The Thorian Sagas. 2. Insurrection.

Chapter There is something out there.



Monique MacBeath walked the ramparts to her city that night, needing to understand these new things she was suddenly aware of.

Their lives had changed almost imperceptibly over the last year, since Stoker had been coming to them, and then had suffered major disruptions in just the last week after Stoker had gone. Fenn would never be the same without him. He had become an essential part of their lives.

The violent visions that had unexpectedly flooded over them in just the last two days had changed their lives even more.

It was as though curtains, shielding them from the real world out there, had been pulled away. They were no longer constrained or confined to what they were familiar with. The wall around their city no longer existed. They could see; had seen the outside world, thanks to these tributes and what had happened to them in Saltash and was about to happen to them once they left Fenn.

When morning came, she would be the one that would send the tributes out of the city into the wasteland.
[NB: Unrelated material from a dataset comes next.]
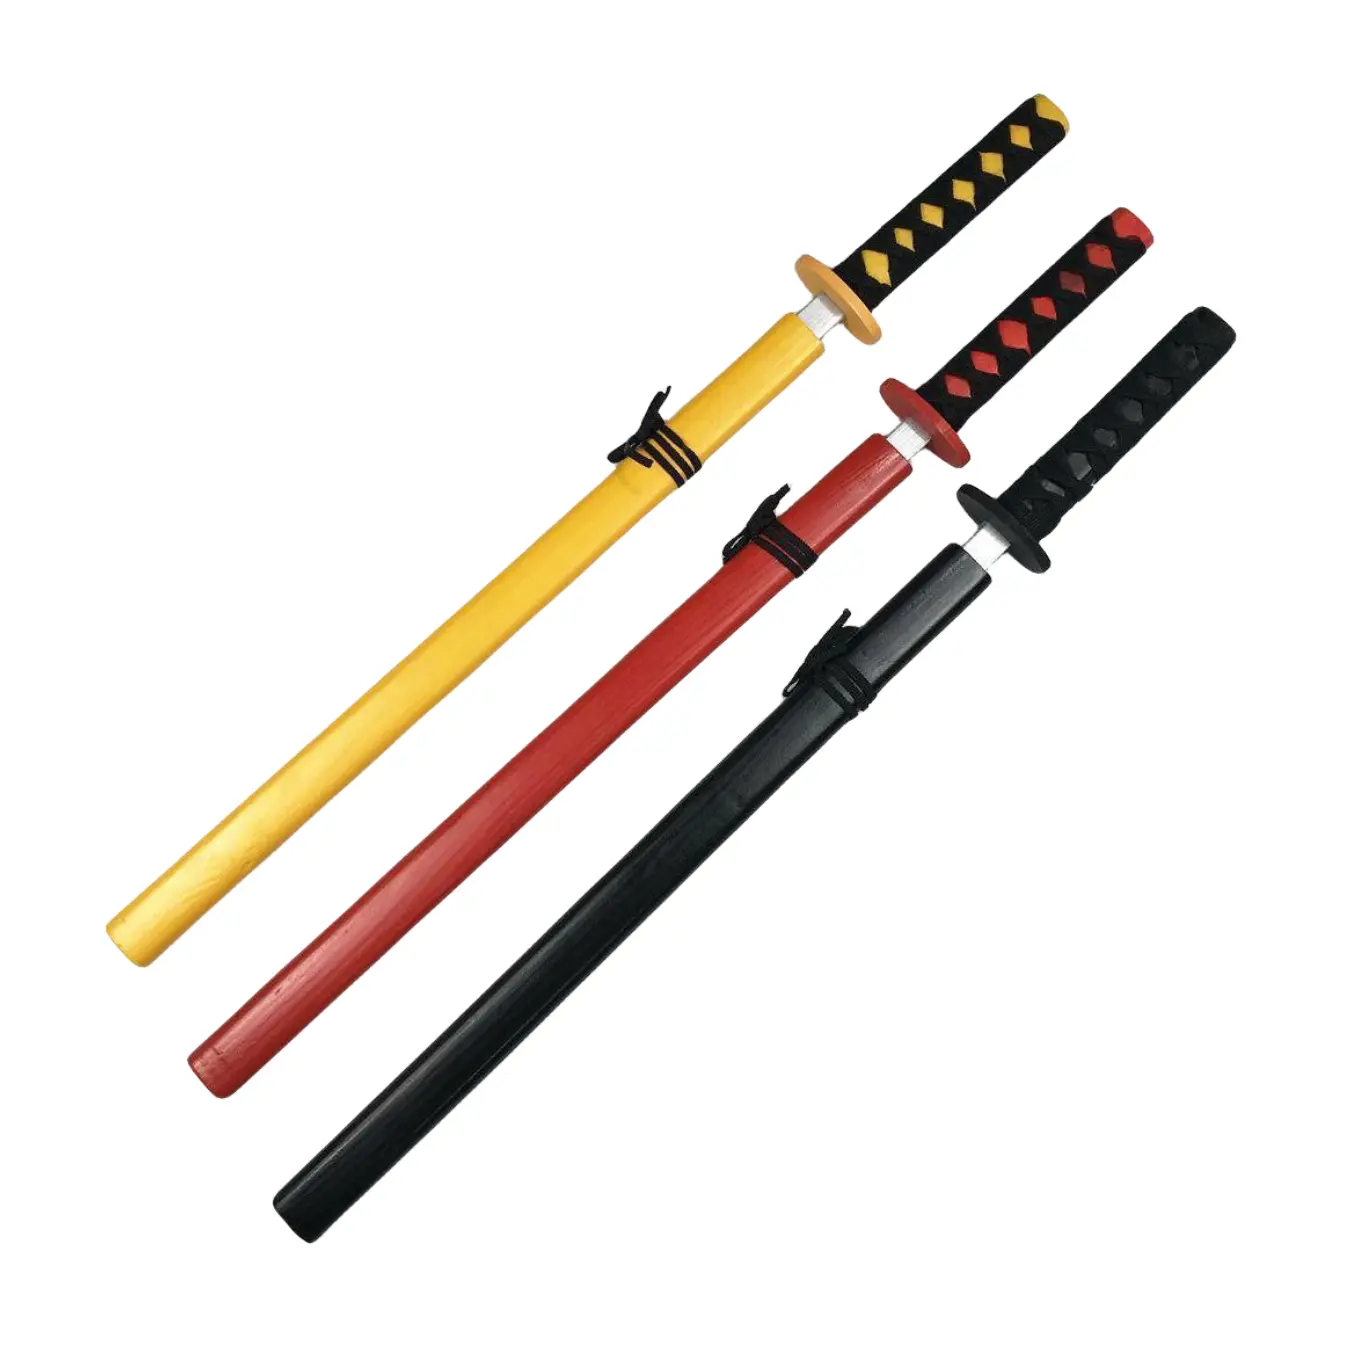 Groothandel Goedkope Hoge Kwaliteit Anime Karakter Sabel Houten Samurai Zwaard Model Serie Bamboe Handwerk

It was a task she had never had to take on before, or ever expected to. She had heard the rumors; knew—thought she knew—what would happen to those tributes after they left the city.

She had been wrong. They had all been wrong. Their various beliefs seem to have been born of ignorance and fear, rather than of them being deliberately misled; but they’d still been wrong.
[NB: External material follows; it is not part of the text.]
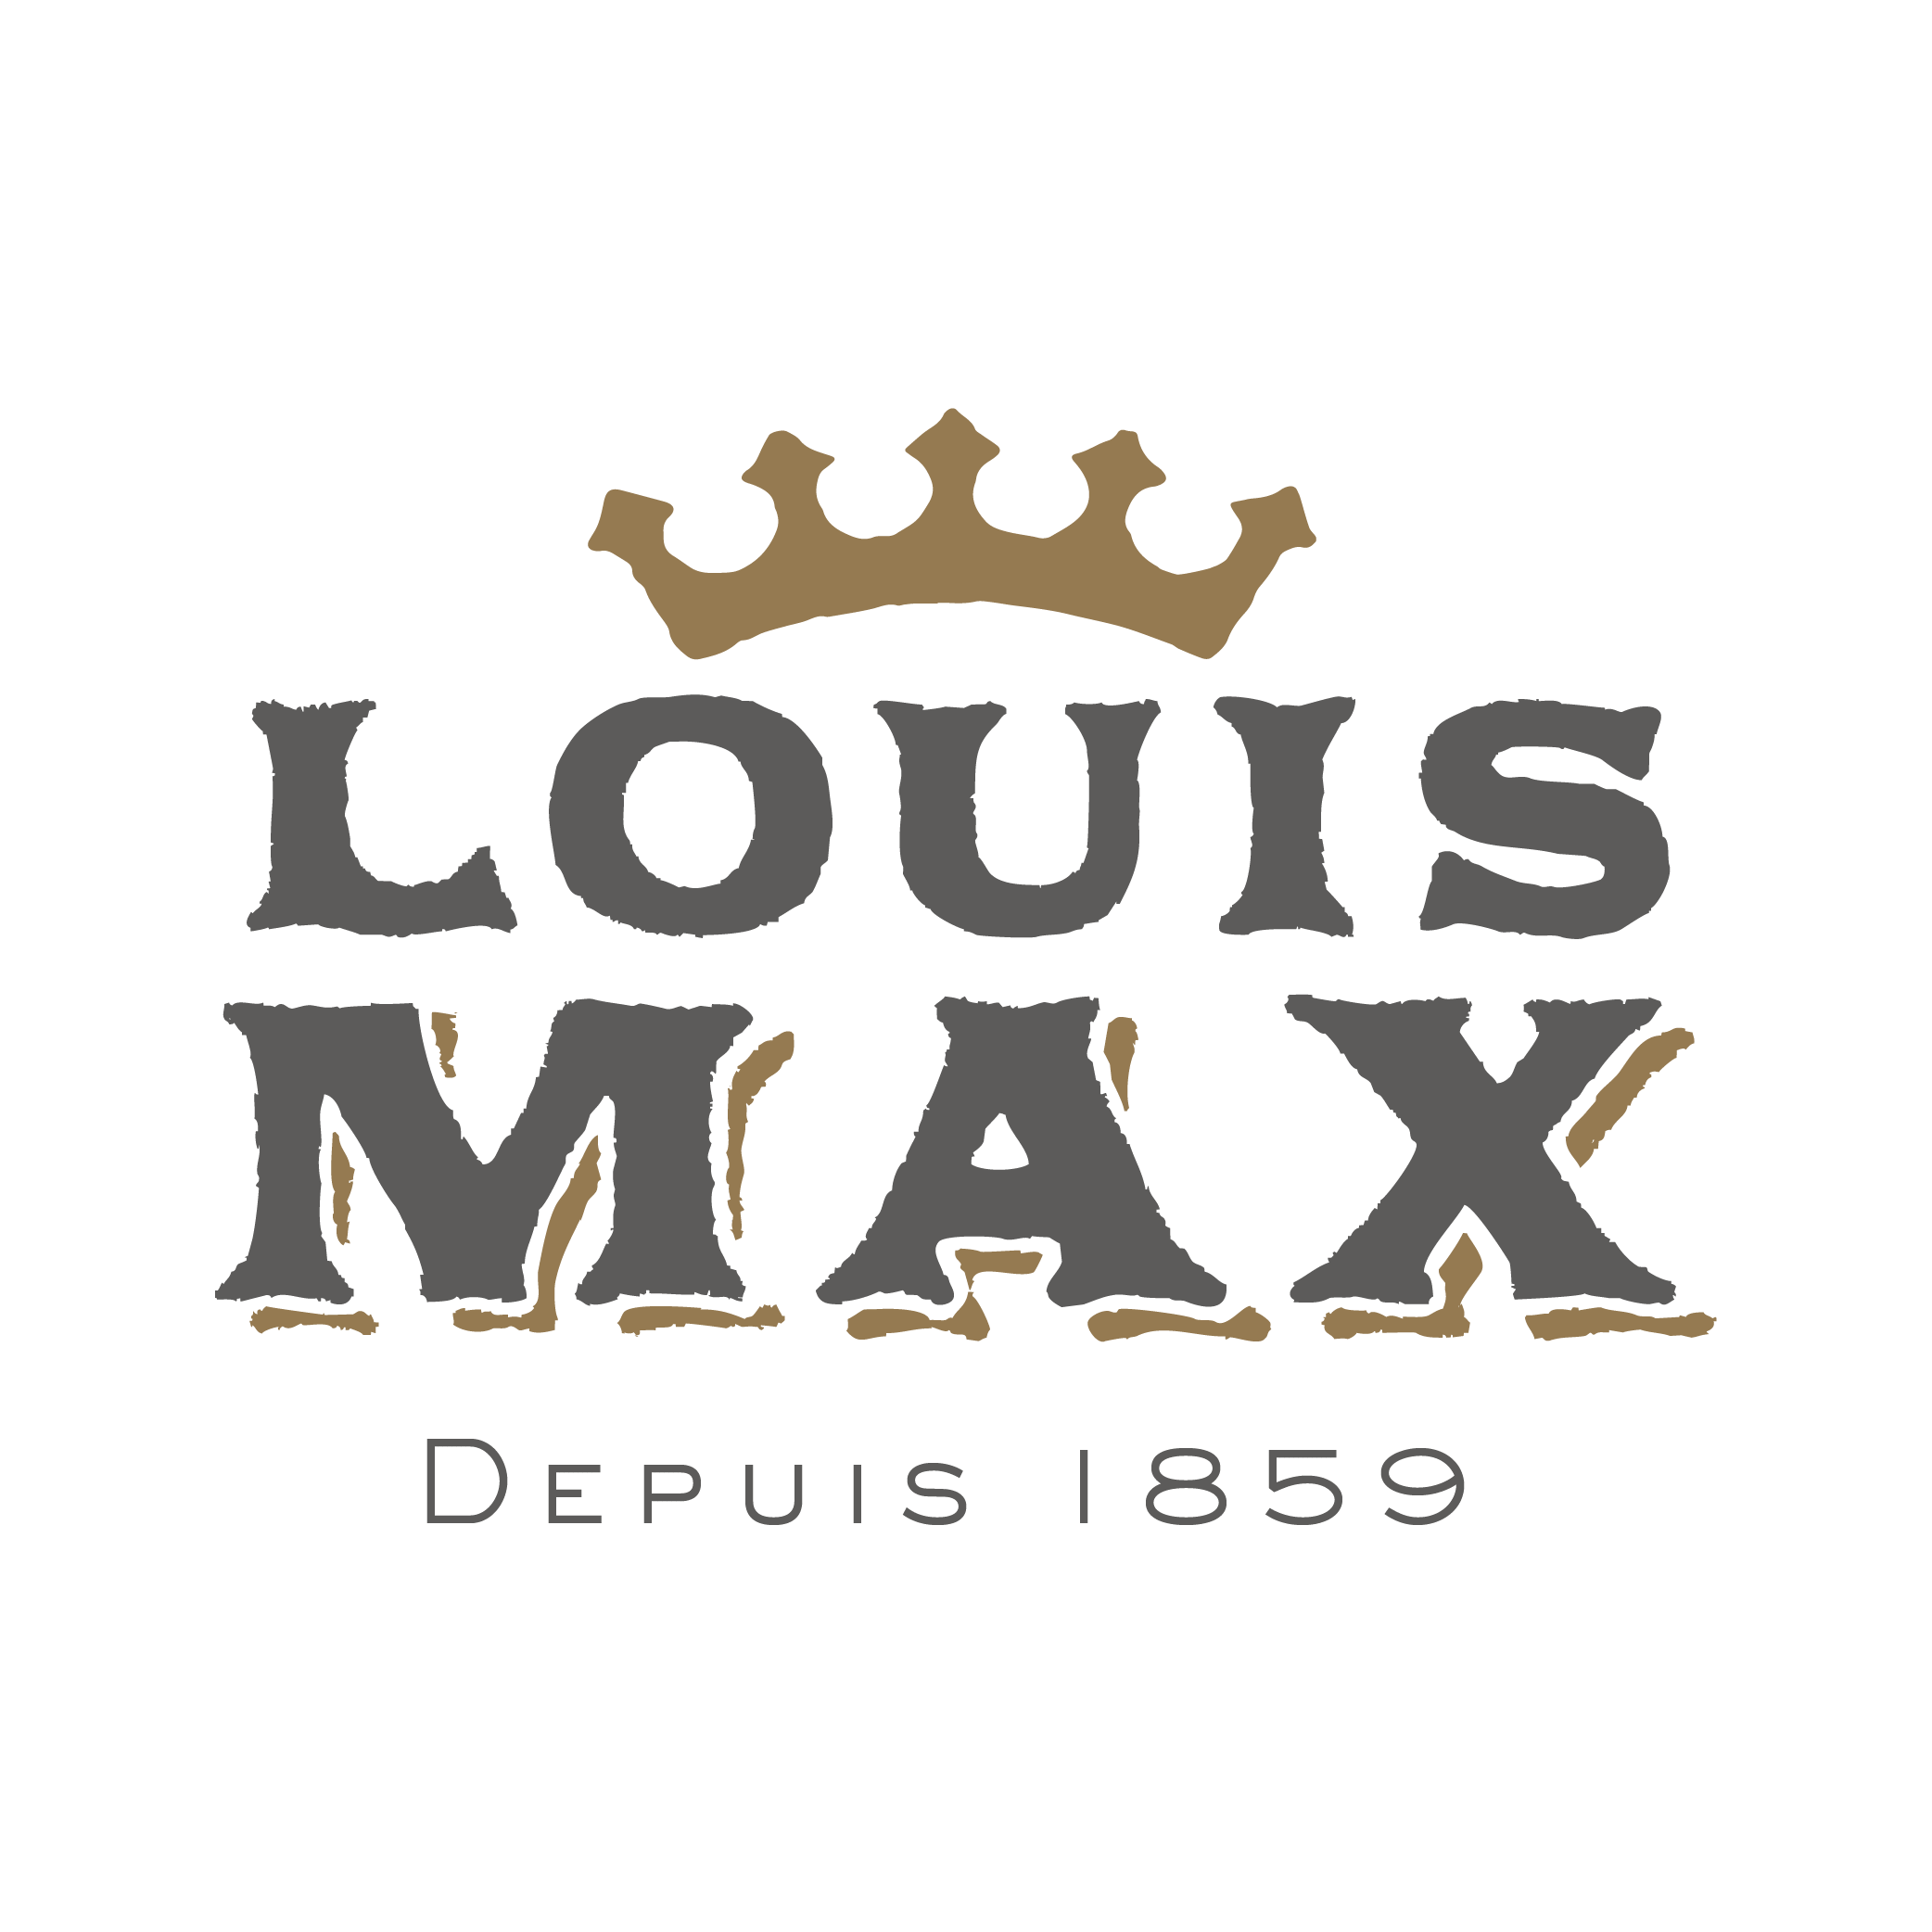 Louis Max

The wasteland was no longer unknown, or such a feared and unwelcoming place to her as it once had been. Stoker had educated them on that, letting them see the explosion of life that came, following the rains, or pointing out the nature of the life that lurked in the darkness, waiting for its next meal. It had been an education, and it was ongoing.

That inhospitable place was now known to be not so inhospitable, nor was it to be feared. The tales that she’d heard about it being unwelcoming or dangerous, were no longer so readily believed, though it could be both unwelcome and dangerous to those who did not understand it or were not prepared.

As far as the tributes were concerned; rather than being afraid, as all tributes before them had been, these young women, waiting in the guardhouse below, couldn’t wait to get out into it, for what they knew awaited them out there.

Monique felt, and was able to experience their impatience and excitement, and now knew for herself why they were that way. Stoker had trained them well.

Something else had drawn her onto the walls to walk there; every sense coming alive as she sniffed the cooling night air, listening to the sounds from just beneath the walls, trying to interpret them. Succeeding. Sounds of survival; of life, and of avoiding death.

She had the feeling of being watched by many eyes. It no longer concerned her.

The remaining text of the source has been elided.